OPM definition and screening

Multiple primary cancers arising from other organs were also defined according to the criteria of Warren and Gates [25]. Metachronous multiple primary malignancies included antecedent malignancies before surgery for GC and subsequent malignancies after surgery for GC. In order to identify preoperative risk factors for MGC, we classified the OPMs into two groups: a preoperative group including antecedent and synchronous OPMs, and a postoperative group including subsequent OPMs.

The histopathologic findings of GC were obtained using the resected specimens. The clinicopathologic features of GC were described according to the TNM classification (7th edition).
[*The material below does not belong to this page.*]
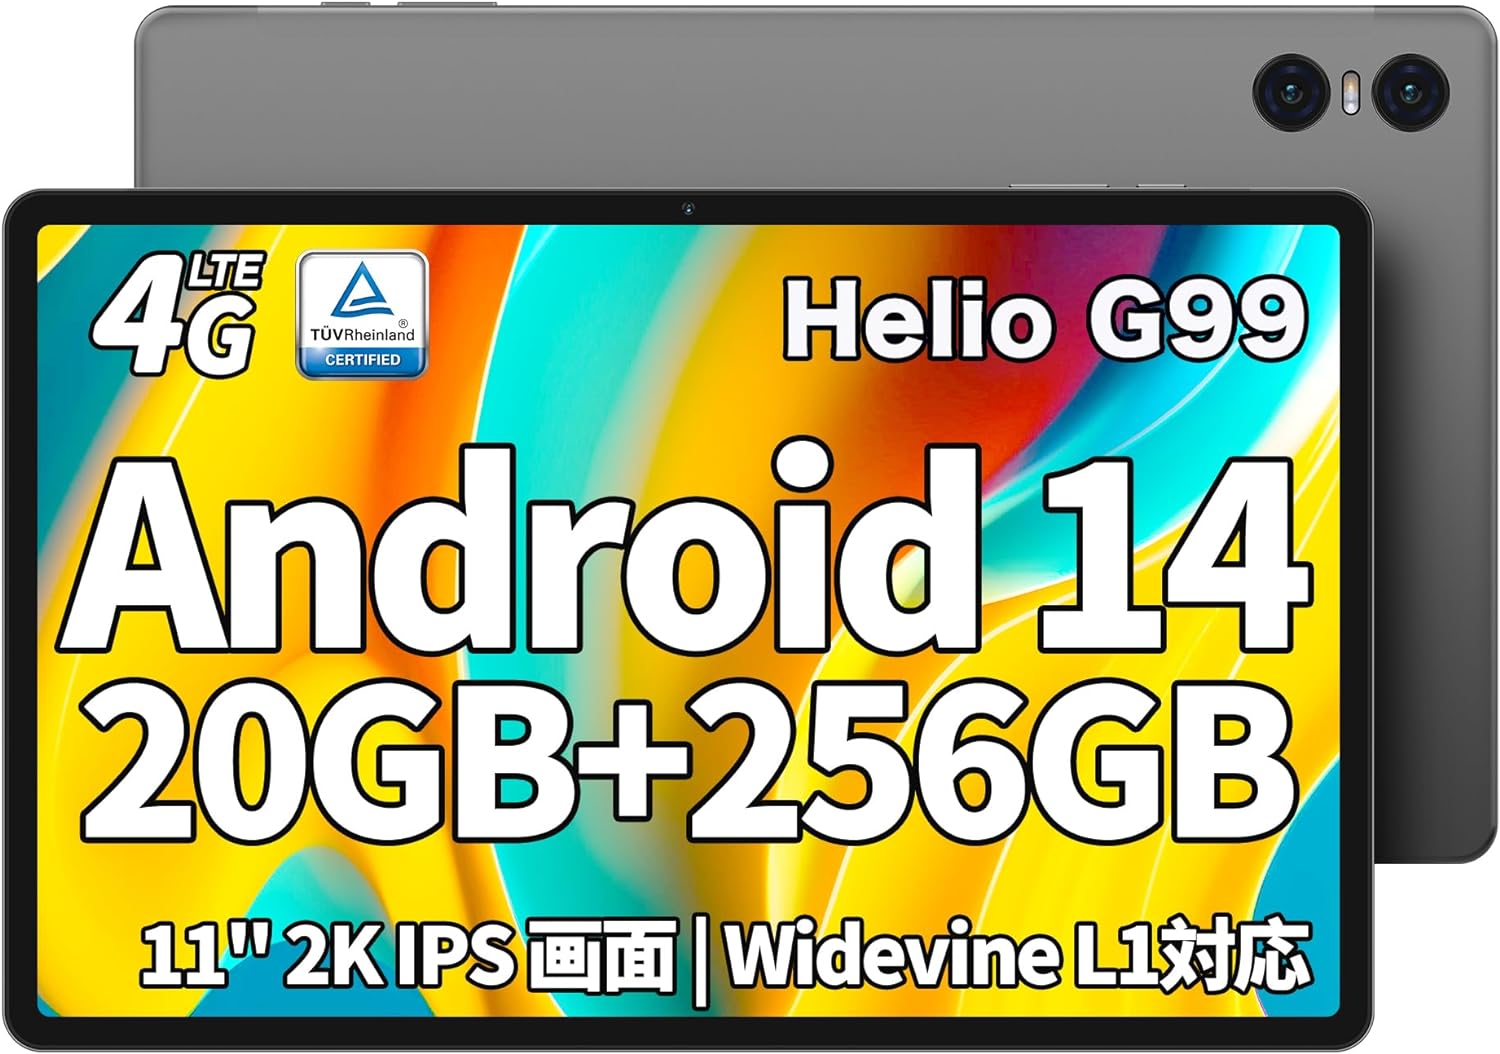 Android 14 タブレット 11インチ TECLAST T50Pro タブレット Helio G99 8コアCPU 2.2Ghz 20GB+256GB+1TB拡張 2000*1200 2K IPS画面 Widevine L1対応 タブレット SIMフリー4G LTE 8000mAh+18W急速充電+六軸 ジャイロスコープ+BT5.2+5G WiFi+TUVブルーライト認証

Before surgery for GC, we performed total colonoscopy when patients were able to consume food. When colonoscopy could not be performed preoperatively, we performed it within 1 year after surgery. Furthermore, we performed whole-body computed tomography in order to detect OPMs. When malignancies were suspected in other organs, we added several examinations specific to the suspicious organs. After gastrectomy, the GC patients were followed in the outpatient clinic of each hospital not only to check for recurrence and metastasis of GC, but also to detect OPMs, by esophagogastroduodenoscopy, colonoscopy, and whole-body computed tomography. Furthermore, when the patients complained of symptoms other than those in the abdomen, we consulted clinical specialists.

Statistical analysis

Data are shown as the prevalence (%) or mean values. Continuous variables were compared using the Mann-Whitney test, and categorical variables were compared using the Chi-square test or Fisher’s exact test, depending on their distribution. Multivariate analysis of independent risk factors was carried out by multiple logistic regression tests, and prognostic factors were analyzed by Cox’s proportional hazard models. The survival rates after gastrectomy were calculated by the Kaplan-Meier method. The data were analyzed using IBM SPSS 22.0 (IBM Japan, Tokyo, Japan). For all analyses, P < 0.05 was considered significant. Missing data were accounted for using a list-wise deletion approach.